After taking the time to examine the ad hoc excuses tacked on to keep everything together, it turns out they unravel which only prompts a fresh round of ad hocs, and so on, and so on, just like the Parot Sketch.

[Image: monty_python_parrot_2.jpg]

Eventually, Occam's Razor is invoked and I say, "The simplest explanation is that it's what it looks like," and they conclude my heart is just too hard, that I must look for reasons not to believe the obvious Gospel Truth, because I am desperate for some reason to believe we live in a natural universe

See also Psychological Projection

[Image: images?q=tbn:ANd9GcSHzRh_9MXOGGs9u4hMZ3C...Qb6LAvsdBL]

[Image: 944488_4926540197708_795745776_n.jpg]

Psychological projection is a curious thing, isn't it?

Sorry but I read what's there. Skepticism isn't an agenda. It's simply applying consistently the same critical thinking that you and other believers would apply if you were reading someone else's holy scriptures. You know what it means to be a skeptic regarding someone else's religion, as you dismissed Jim Jones and David Koresh dying for their lies as simply the act of crazy people.
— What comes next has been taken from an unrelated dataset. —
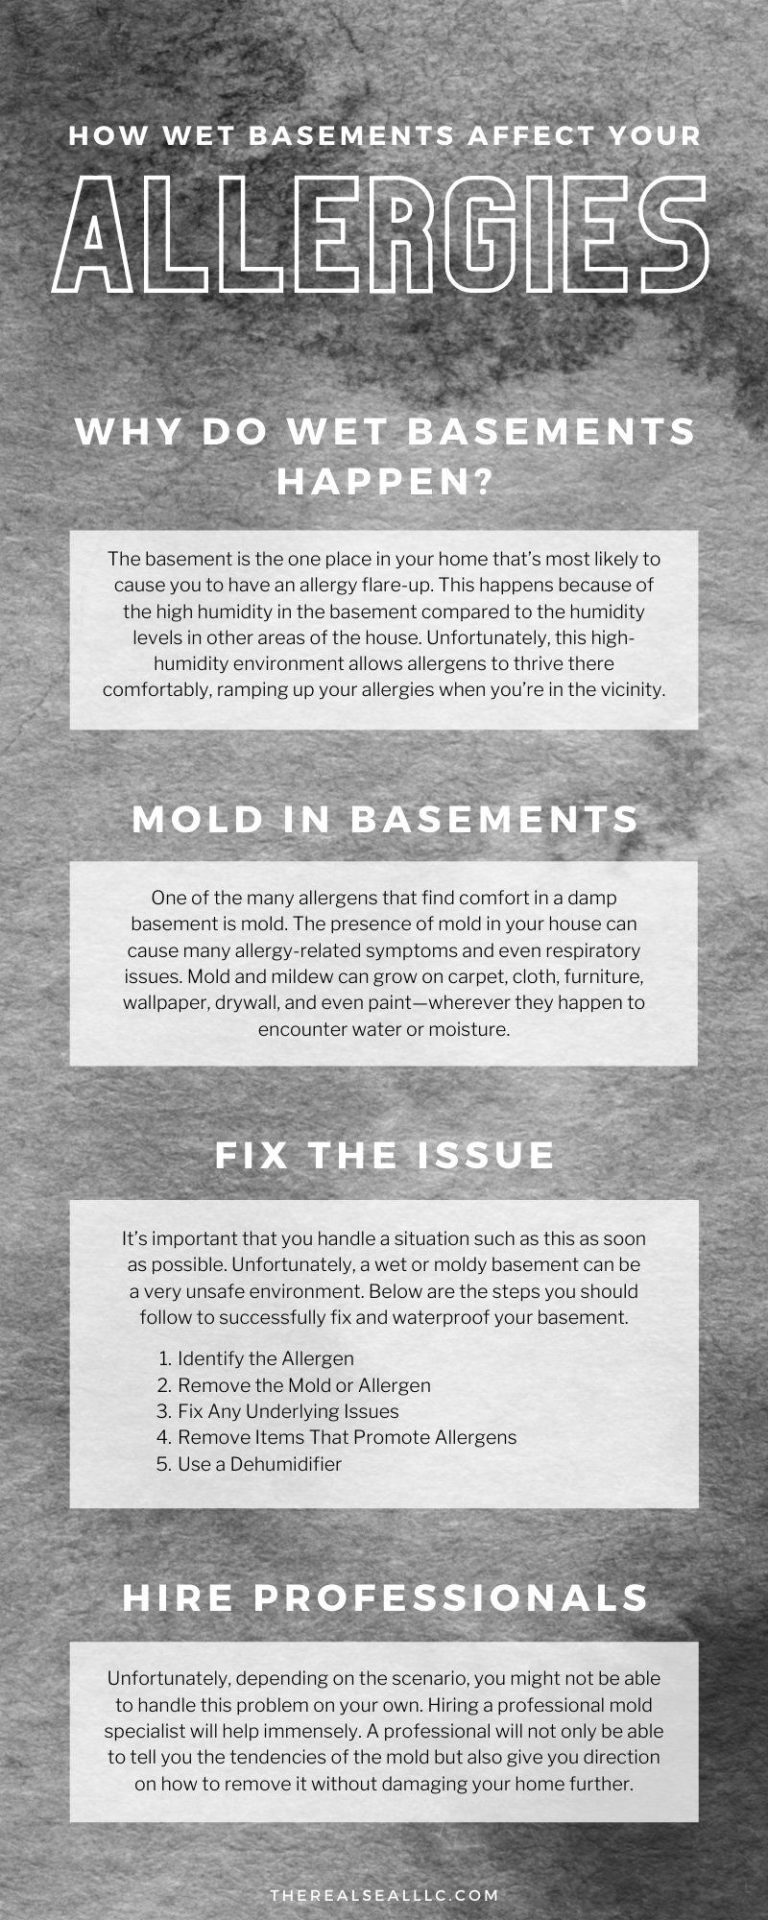 How Wet Basements Affect Your Allergies
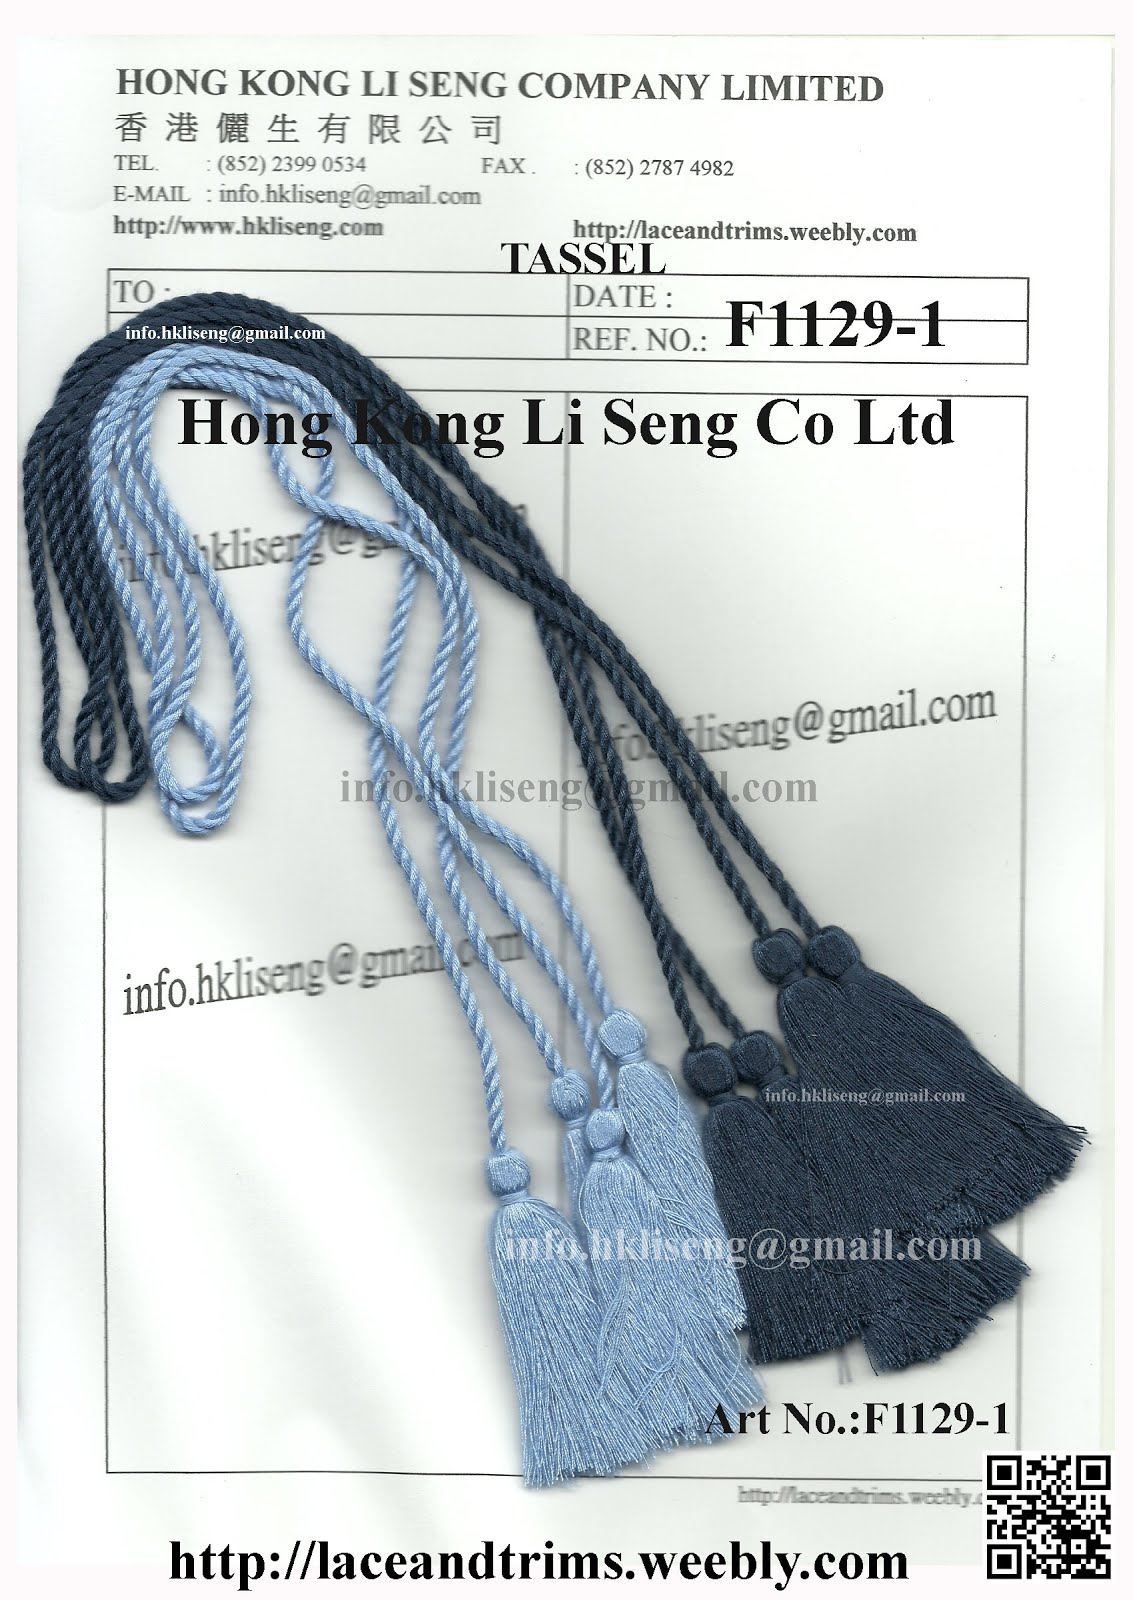 Major product Fringe and Tassel for all Kind Textile and Clothing Industry

When you understand why you reject the religions of others, you understand why I reject yours.

Quote:Compare for me the first three centuries of Christianity to the first three centuries of Islam and you tell me which was established with the sword and which was not.
Both were.

Or are you unaware of the Roman persecution of non-Christians, pagans and heterodox Christians? Christianity took hold by the power of the Roman sword, held onto it by the power of a burning stake and spread to the rest of the world by gunpowder. It was only in relatively recent history that the stranglehold of Christianity has finally been broken well enough for intellectuals to question it.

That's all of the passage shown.